International conference

April 10, 2018


Conference Venue: Gedimino prospektas 30 (4th floor), The Ministry of Justice.

Duration: 12-5 p.m.

"In Europe, about 100 million tonnes of food are wasted annually. Which of the following actors do you think have a role to play in preventing food waste?" - Eurobarometer asked in 2015. "Consumers, people like you" - this answer was chosen by 52 % of Bulgarians, 82 % of Germans, 62 % of Estonians, 65 % of Croatians, 66 % of Greeks, 61 % of Latvians, 44 % of Lithuanians, 86 % of Dutch, 67 % of Romanians, 88 % of Swedes. Optimism regarding people's role appears to be very unevenly distributed among EU member states.

The present conference, being part of a food waste awareness raising project* by 6 European countries - Bulgaria, Croatia, Estonia, Latvia, Lithuania and Romania - is intended to gather researchers and activists from both less and more optimistic countries in the least optimistic country to provide an opportunity for them to share their experiences of tackling food waste and show inspiring examples of successful campaigning that resulted in greater public awareness and reduction of the waste.

European Commissioner in charge of food safety and public health, Vytenis Andriukaitis, and DG SANTE expert on food waste Alexandra Nikolakopoulou (tbc) will update our conference on EU-level actions concerning food wastage.

Dr Sophie Hieke, Head of Consumer Science at European Food Information Council (EUFIC), will present a project entitled "Don't be a food waster" which deals with consumer behaviour towards food waste. She will talk about the first findings from a recent empirical research into consumer attitudes and behaviour towards food.

Lisanne van Geffen, doctoral student at Wageningen University (the only university in the Netherlands to focus specifically on the theme 'healthy food and living environment'), will address determinants of household food waste, based on a survey held across 4 EU countries; she will also present insights on the factors influencing consumer awareness: it turns out that the awareness of consequences does not significantly affect household food waste, whereas perceptions of how much others waste have a big impact, which has important implications for anti-food waste campaigns.
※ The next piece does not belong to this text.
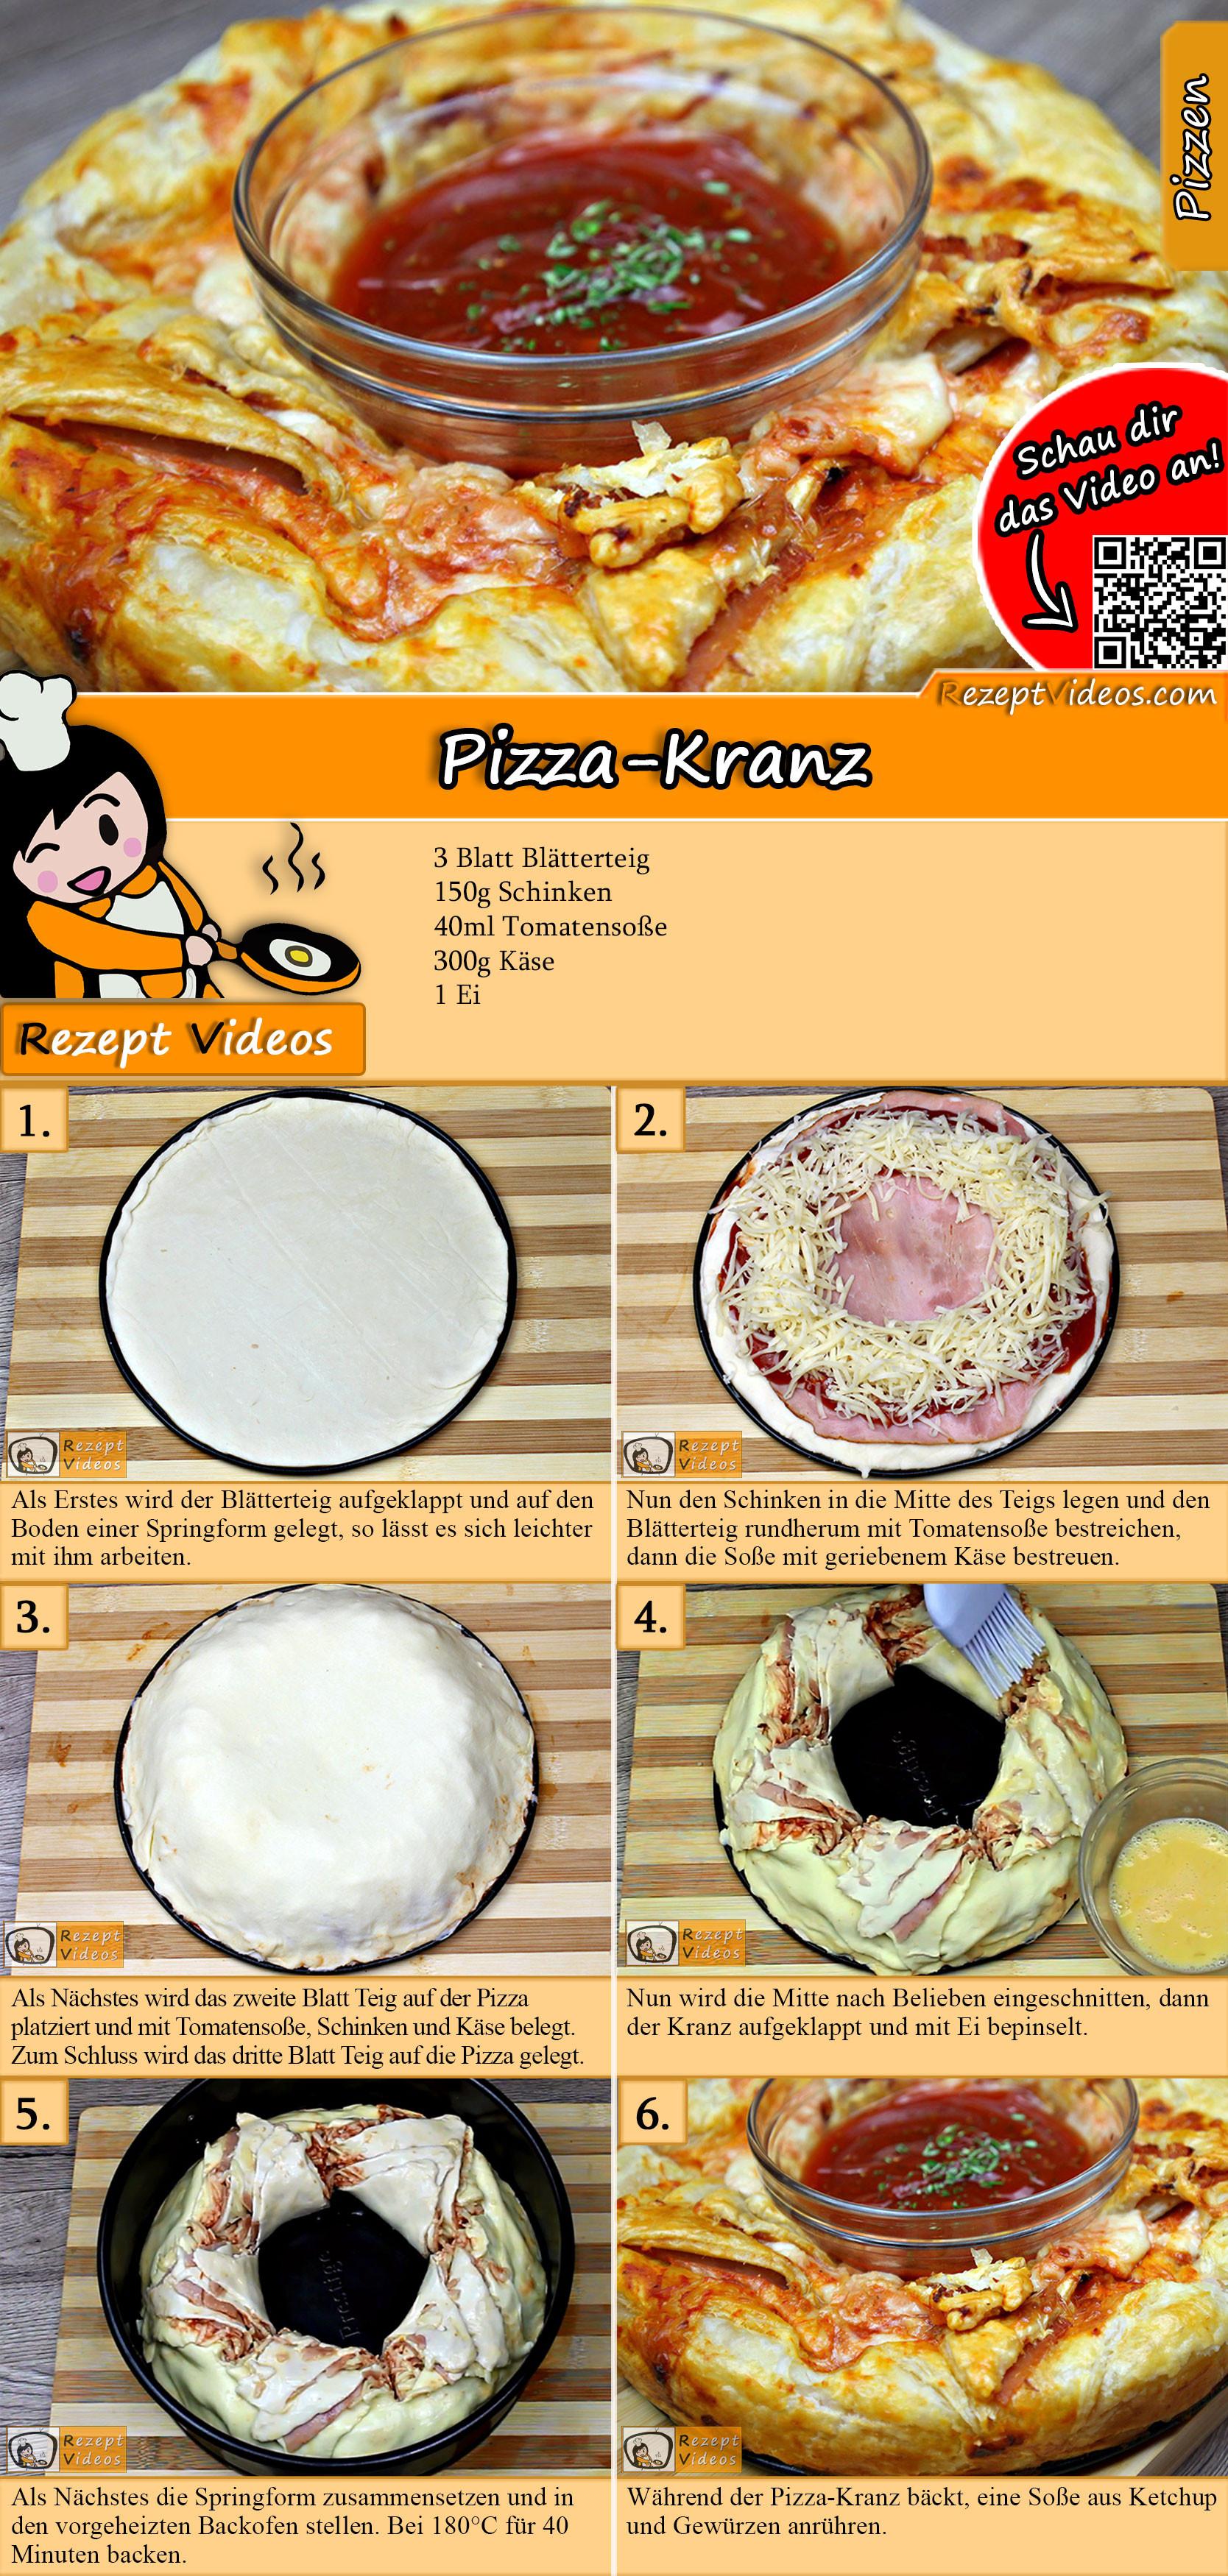 Pizza-Kranz Rezept mit Video

The research is part of the EU project REFRESH.

Ingela Morfeldt, project manager at Malmö Municipality (Sweden), will inspire us with an example of award winning communication campaign: "Tack för maten" (Loved the food. Thanks) was anti-food waste campaign that won the prestigious ISWA award for the world's best communication campaign in 2014.

(To be updated.)

* The conference "Food Waste at Home & Ways to Address It" is part of the project "Global learning approach to food waste in non-formal education" (2017-2020) which is partly supported by the European Commission. The project aims to fill the gap of awareness of and poor educational base for global interlinkages of food waste in the 6 countries; increase knowledge on how the food waste is globally related to climate change; raise target groups' awareness on interdependencies between developing and developed countries regarding food production and consumption; and promote food waste avoidance skills/alter consumption patterns in households.

Some 122 trainings in working places as well 90 other trainings, multipliers skill-building workshops and 110 events featuring Food Labs („Cook your way to global understanding") will take place in 6 countries during the period of project implementation.